Early life and education
Al Attiyah was born on 9 March 1967. His family belong to the Banu Tamim tribe to which the ruling family of Qatar, the House of Thani, also belong. His father was the founder of the Qatar Armed Forces.

He received a bachelor's degree in air science from King Faisal Air Academy in 1987 and also, a law degree from Beirut Arab University in 1993. He holds a master's degree in public law (1991) and a PhD in law (2006), both of which he received from Cairo University.

Career
Al Attiyah started his career as a fighter pilot and joined Qatar's air force where he served from 1987 to 1995. He left the air force and established a law firm in 1995. From 2003 to 2008, he served as the president of the National Committee for Human Rights. During the same period he also owned a law firm.

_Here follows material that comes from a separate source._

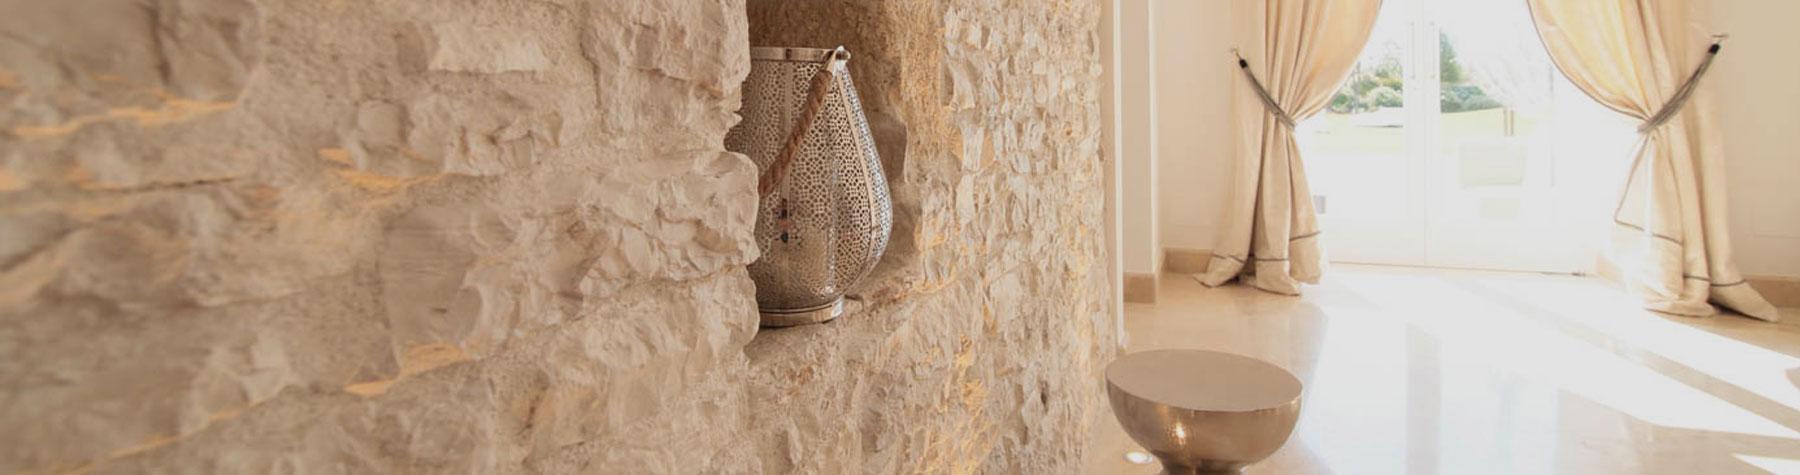 Uno stile tutto pugliese a Palazzo Arnieci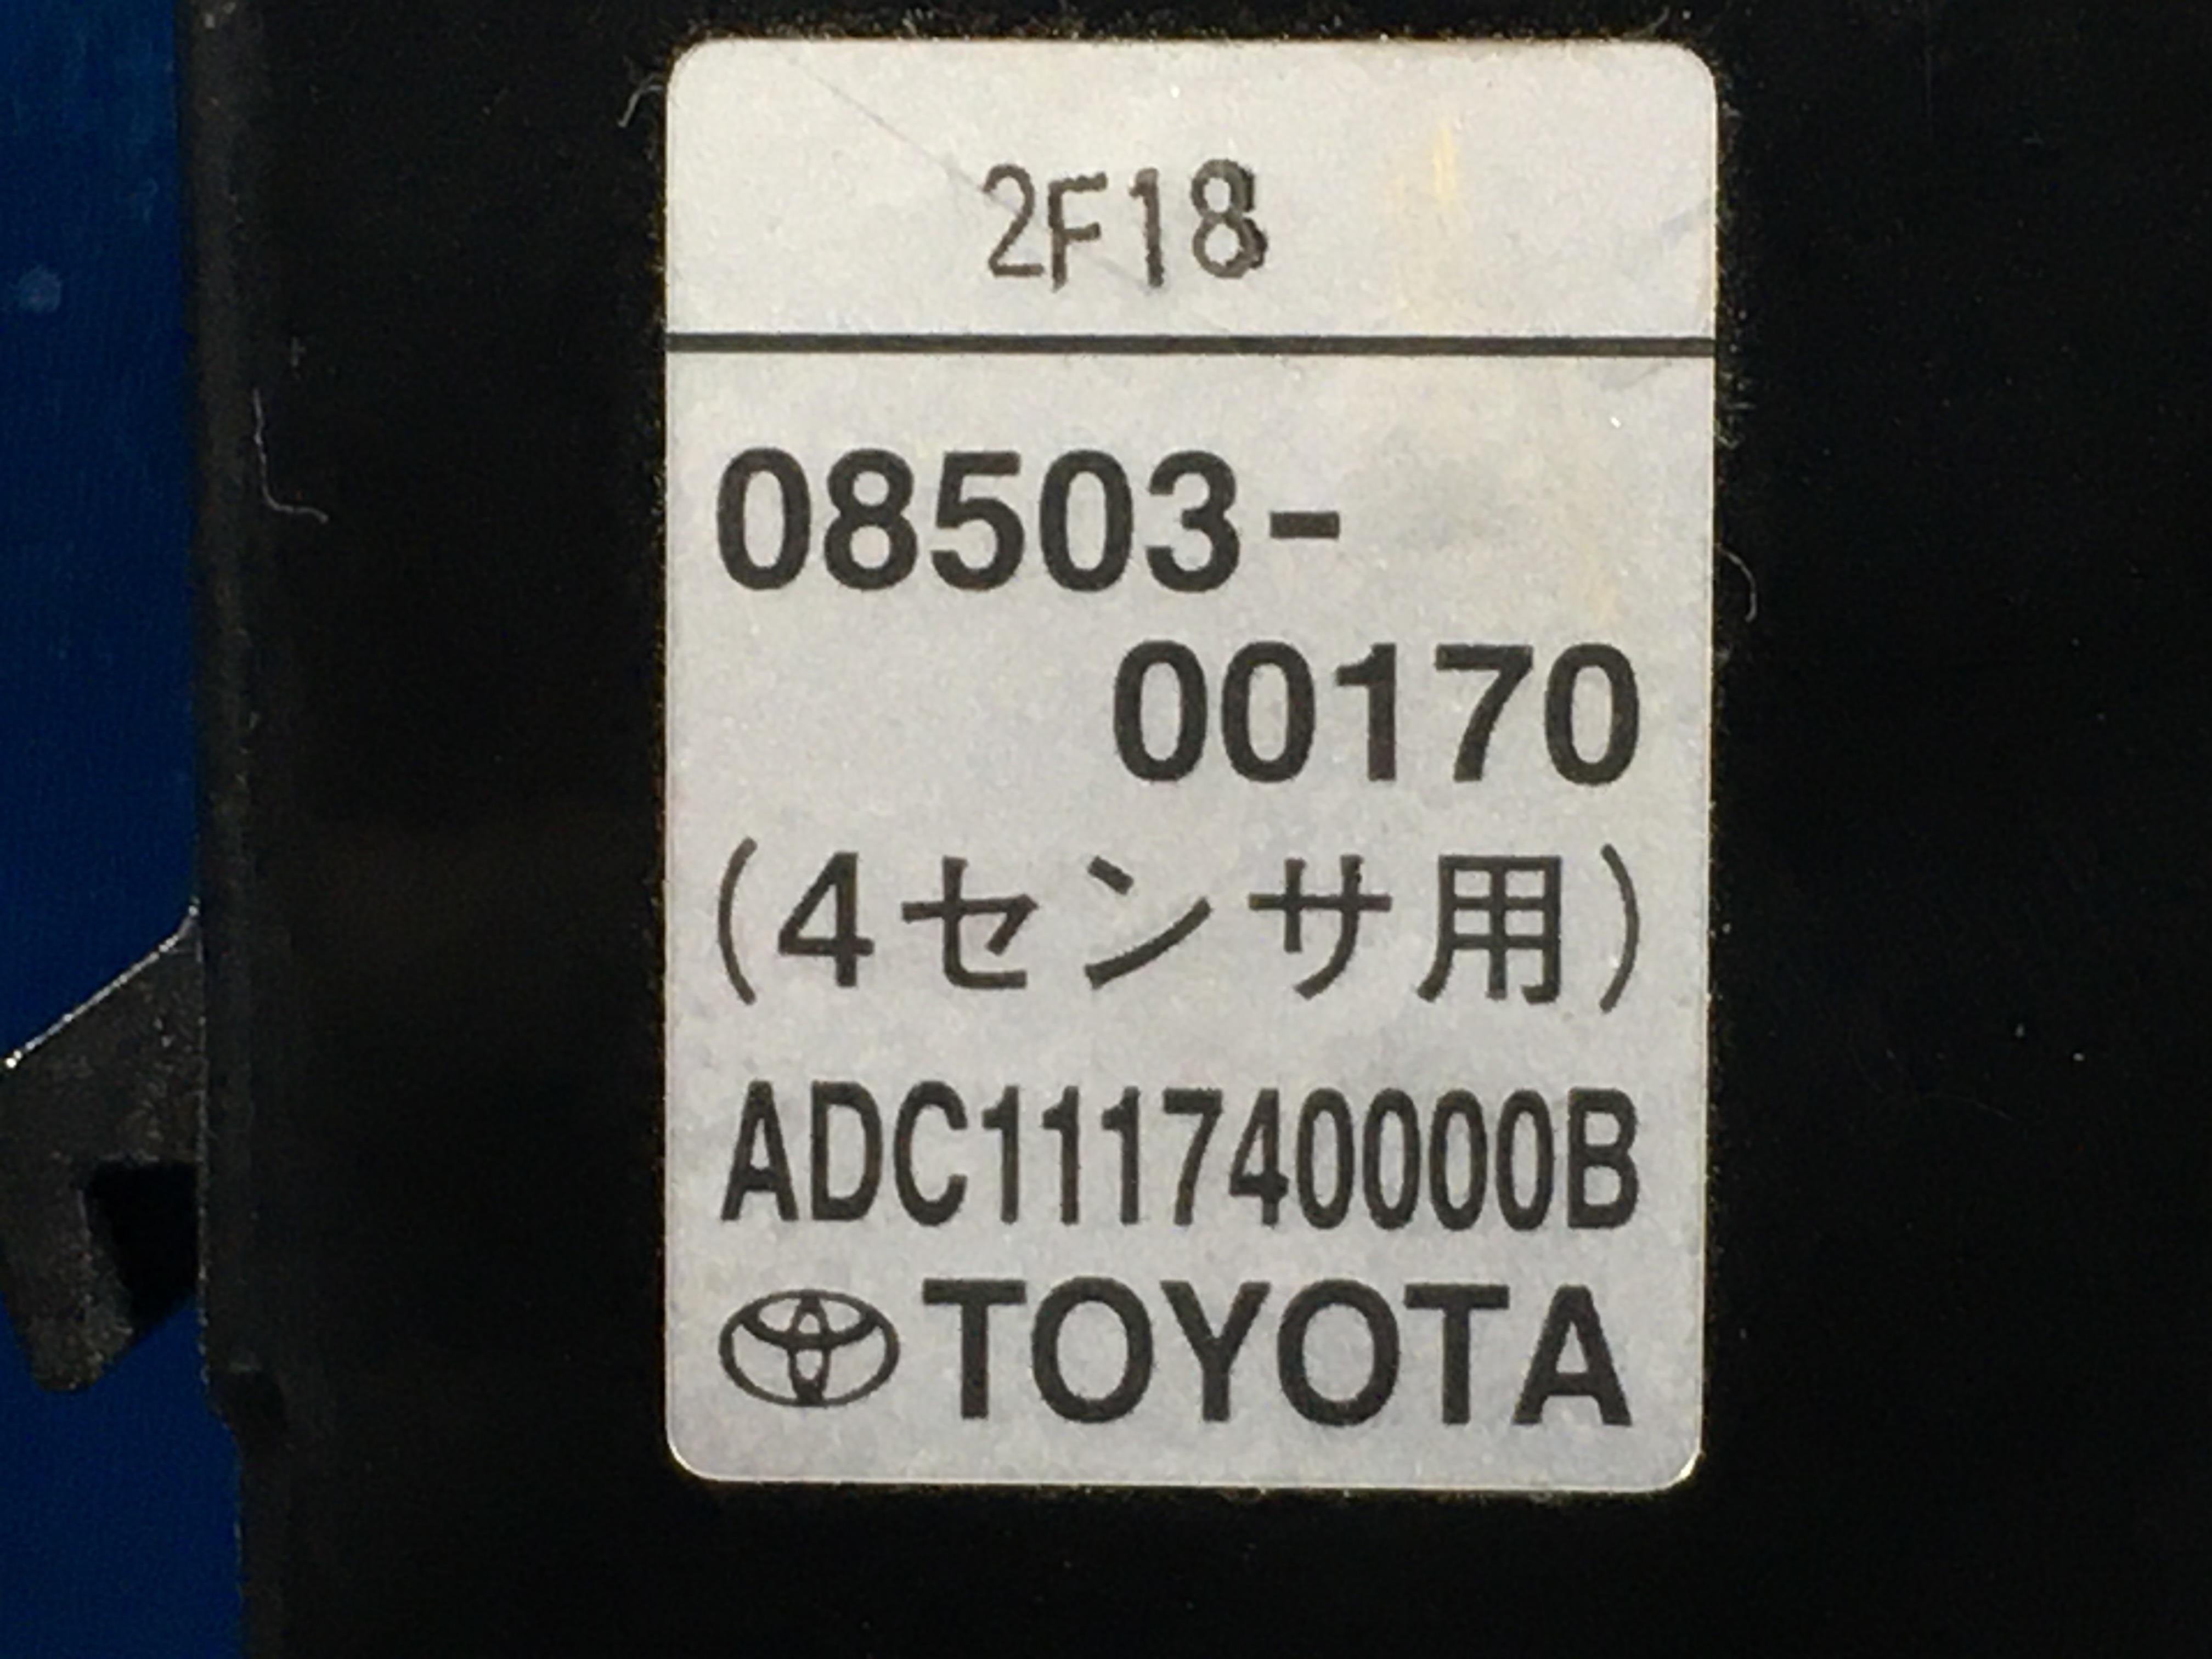 ソナーコンピューター - アクア  Ref:SP275855_9798     3/4

Then he served as the minister of state for international cooperation from 2008 to 2011. During his tenure he also served as acting minister for business and trade. In 2009, he became a member of Silatech's board of trustees. He is also a member of the board of directors and chairman of the executive committee of the Diar company, and a member of the board of directors of the Qatar electricity and water company.

In a cabinet reshuffle in September 2011, Al Attiyah was appointed as minister of state for foreign affairs in the cabinet led by Prime Minister Hamad bin Jassim Al Thani. On 26 June 2013, Al Attiyah was named as the minister of foreign affairs in a cabinet reshuffle. He replaced Hamad bin Jassim Al Thani in the post. The cabinet is headed by Prime Minister Abdullah bin Nasser Al Thani.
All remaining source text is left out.